Polres Ponorogo saat ini juga menjalin komunikasi dengan orangtua korban yang ada di Palembang Sumatera Selatan.
“Kita juga melakukan komunikasi dengan ortu korban. Kita lagi menunggu untuk jawaban otopsi,” katanya.
Mencuatnya kasus dugaan penganiayaan santri hingga meninggal di Pondok Gontor ini berawal dari postingan video pengacara Hotman Paris di akun instagramnya pada hari Minggu (4/9) siang.
Postingan video pengacara spesialis perkara kepailitan itu, tentang aduan seorang ibu di Kota Palembang. Dengan menangis tersedu-sedu, ibu yang bernama Soimah itu mengungkapkan ke Hotman, bahwa ada dugaan kejanggalan dalam kematian anaknya yang sedang menjadi santri di salah satu pondok di Gontor Ponorogo.

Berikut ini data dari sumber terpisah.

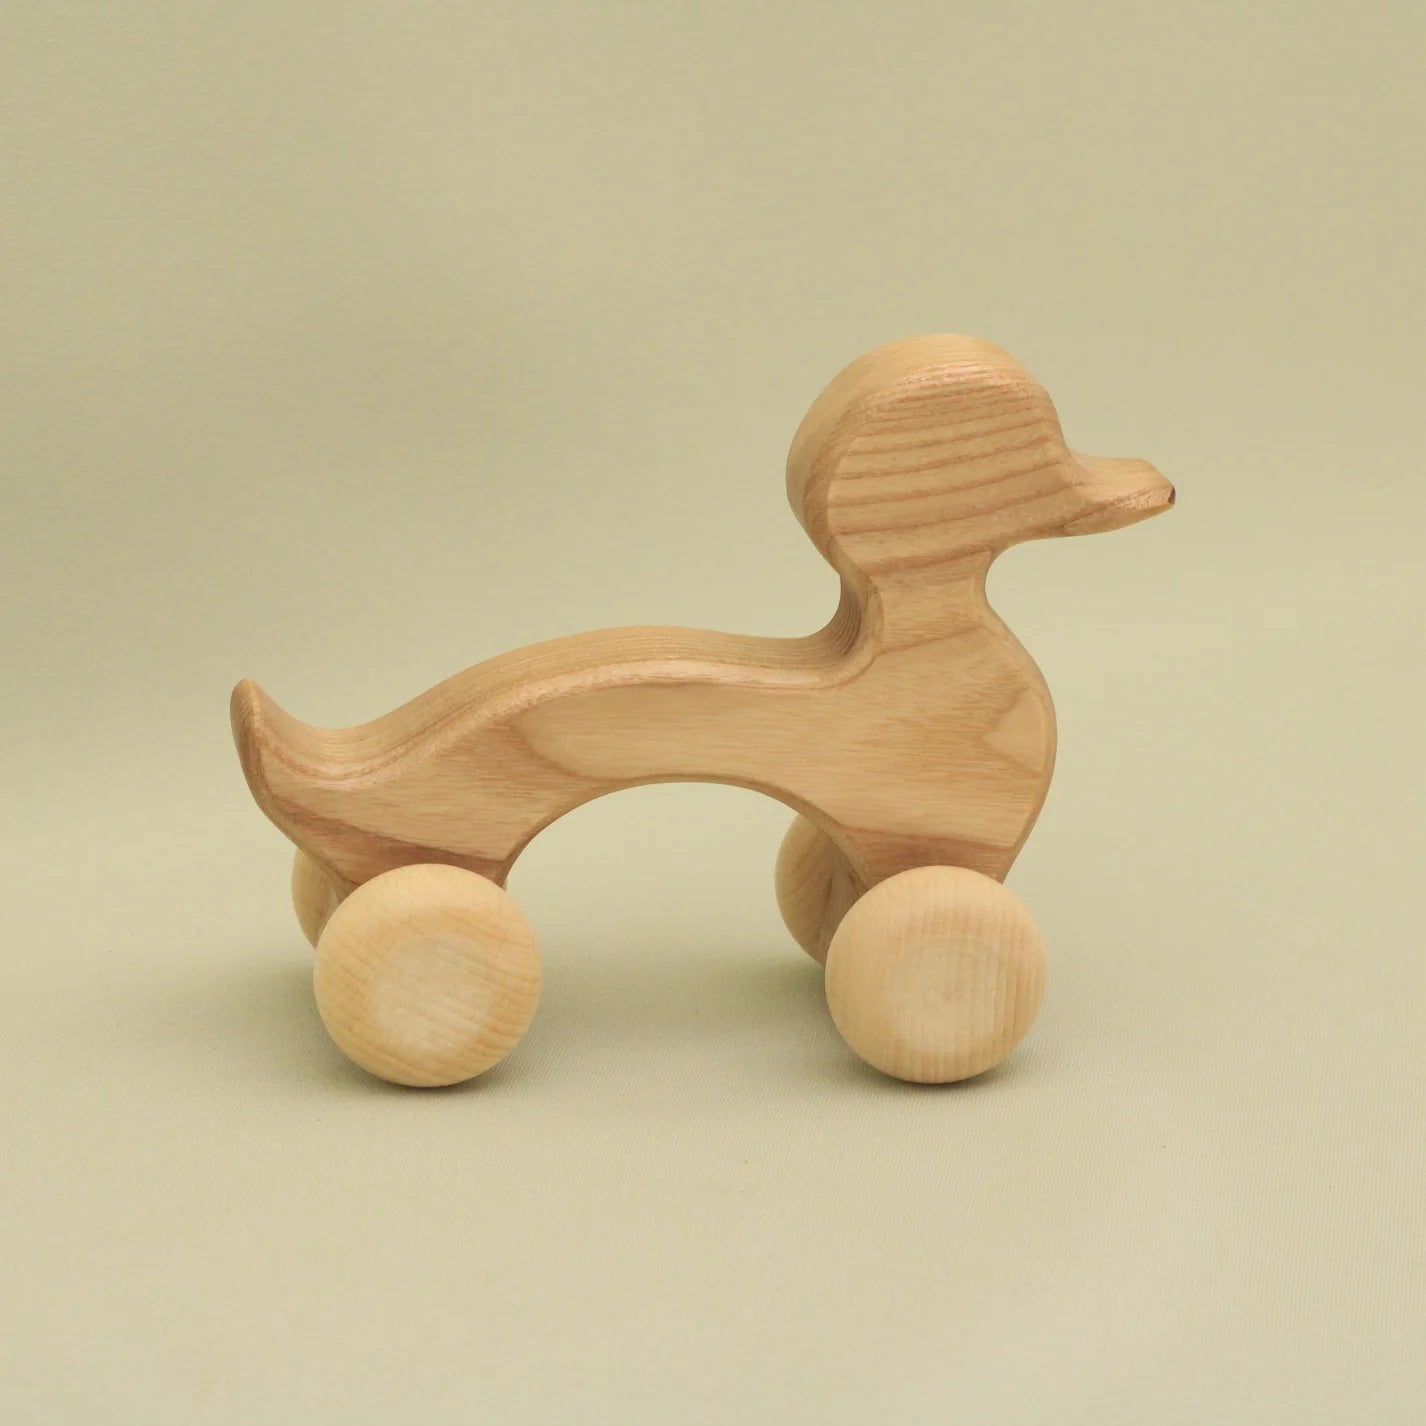 Wooden Duck Push Toy with Wheels

Anak pertama ibu Soimah yang bernama Albar Mahdi itu diduga meninggal karena tindakan penganiayaan atau kekerasan. Jenazah anak yang berumur 17 tahun pada bulan Desember nanti itu, meninggal di pondok pada tanggal 22 Agustus 2022.
Selang sehari, tepatnya tanggal 23 Agustus, jenazah Albar tiba di rumah duka di Palembang. Melihat kondisi jenazah yang kain kafannya masih ada darahnya, sang ibu menduga kematian Albar itu tidak wajar.